When electrolytics are used for coupling, ancient wisdom dictates that the cutoff frequency be about 10 times lower than any possible signal frequency that may be present, audible or otherwise. So if modern digital sources are used that may have a residual signal at 2 hz (much attenuated but still present), then a capacitor value 10 times larger than the 2 hz cutoff value would be used. If a polypropylene capacitor is used, then the value that is 10 time lower than any audible frequency is recommended. The typical (overkill) number used for this is a 2 hz cutoff. These guidelines/recommendations result in an electrolytic capacitor value that is typically 10 times that of the polypropylene value.

The motivation for the electrolytic guideline is that the electrolytic capacitor sounds much worse (percieved sound quality) and has much higher measured distortion when the voltage across the capacitor fluctuates, particularly when it is near zero as with many solid state preamps. The oversized capacitor helps keep the voltage across the capacitor constant. Another trick is to design the circuit to ensure a healthy DC bias across the electrolytic, but care must be taken with transient effects at turn-on and turn-off.

The motivation for the polypropylene guideline is to keep the response in the audio range as good as possible while reducing the settling time at turn-on and turn-off.

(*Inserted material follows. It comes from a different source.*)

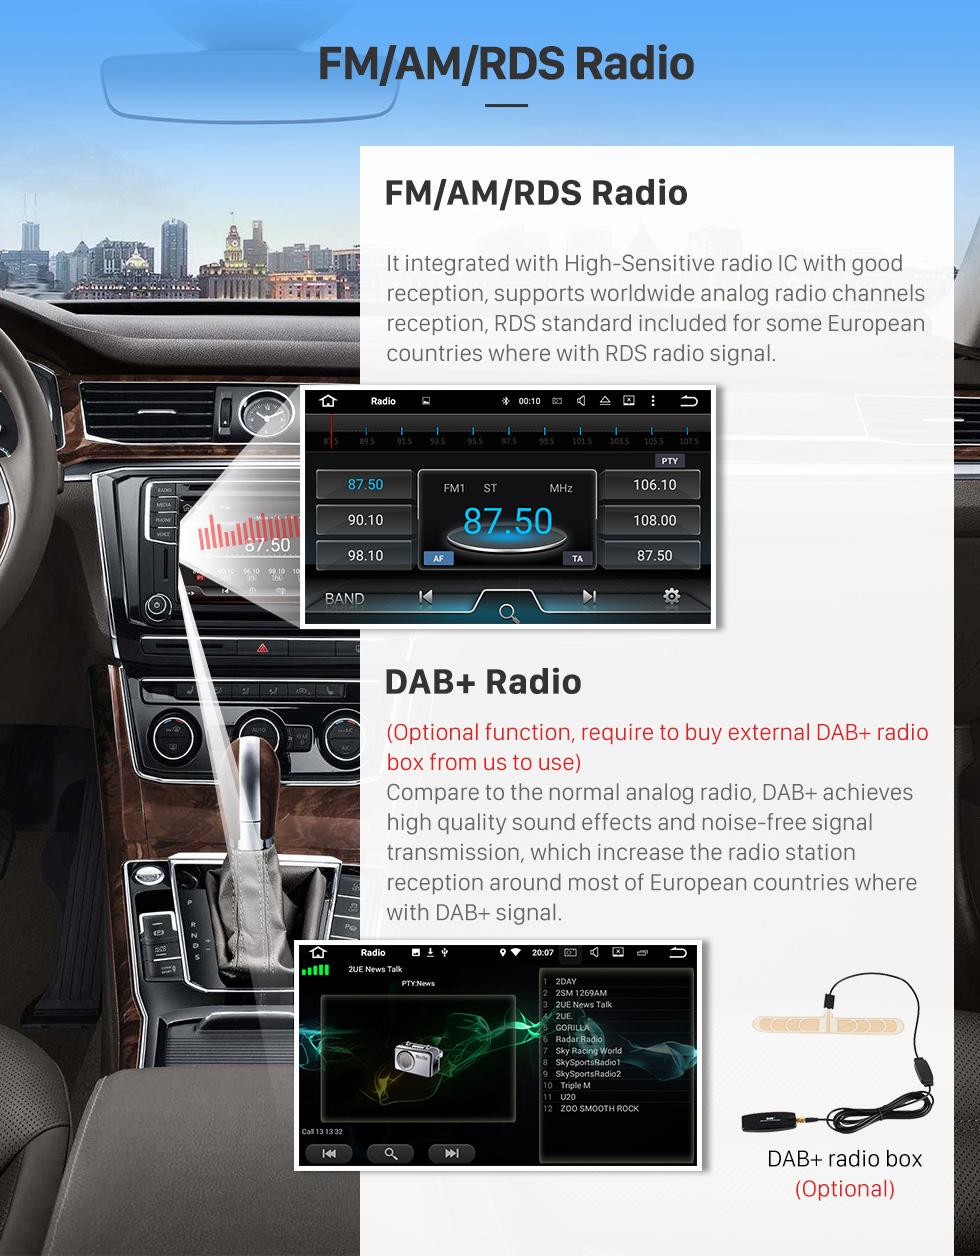 Seicane 6,2 Zoll HD Touchscreen Android 8.0 Radio Kopfeinheit Für 2004-2012 Fiat Panda In Dash DVD-Player GPS-Navigationssystem Bluetooth Telefon WIFI Unterstützung DVR USB Digital TV Lenkradsteuerung

The external resistor: If the preamp uses a coupling cap at the output, and the power amp used one at the input, and either or both are electrolytic, then a bleeder resistor between them going to ground is recommended to ensure proper DC bias is established across the capacitors (important for electrolytics).

These guidelines may seem tedious and unnecessary, but the consequences of poor design/implementation can make a significant difference.
 
Caps

goudey,
Welcome aboard, thanks, couldn't have said it better myself. Stick around and keep us honest.
The 100 time rule for electrolytics really only works properly if low leakage types are used but that is almost never the case. Imho it is driven more by reducing inventory and saving money.
Roger
 
I've done this on the UcD180 module:

- BB 2134 in place of the original OP
- a KK connector in place of the blue LED (to go to front)
- 47UF BG NX-HiQ for coupling caps

module_modif.jpg
 
Pasi P said:



Ofcource, i tend to forgot basic thinks..
But why we need these 100k external resistors, input impedance of UCD is 100k allready?
I also wonder why Bruno has put input cap after opamp, if cap before can be smaller (better quality when same price).


Pasi P,
The original opamps were the 5532's and had enough DC offset to be a problem. Using caps after them took care of this. Later when the opamps were upgraded offset was not an issue and the output caps were no longer needed. Input DC protection is still necessary so the input coupling cap requirement still exists.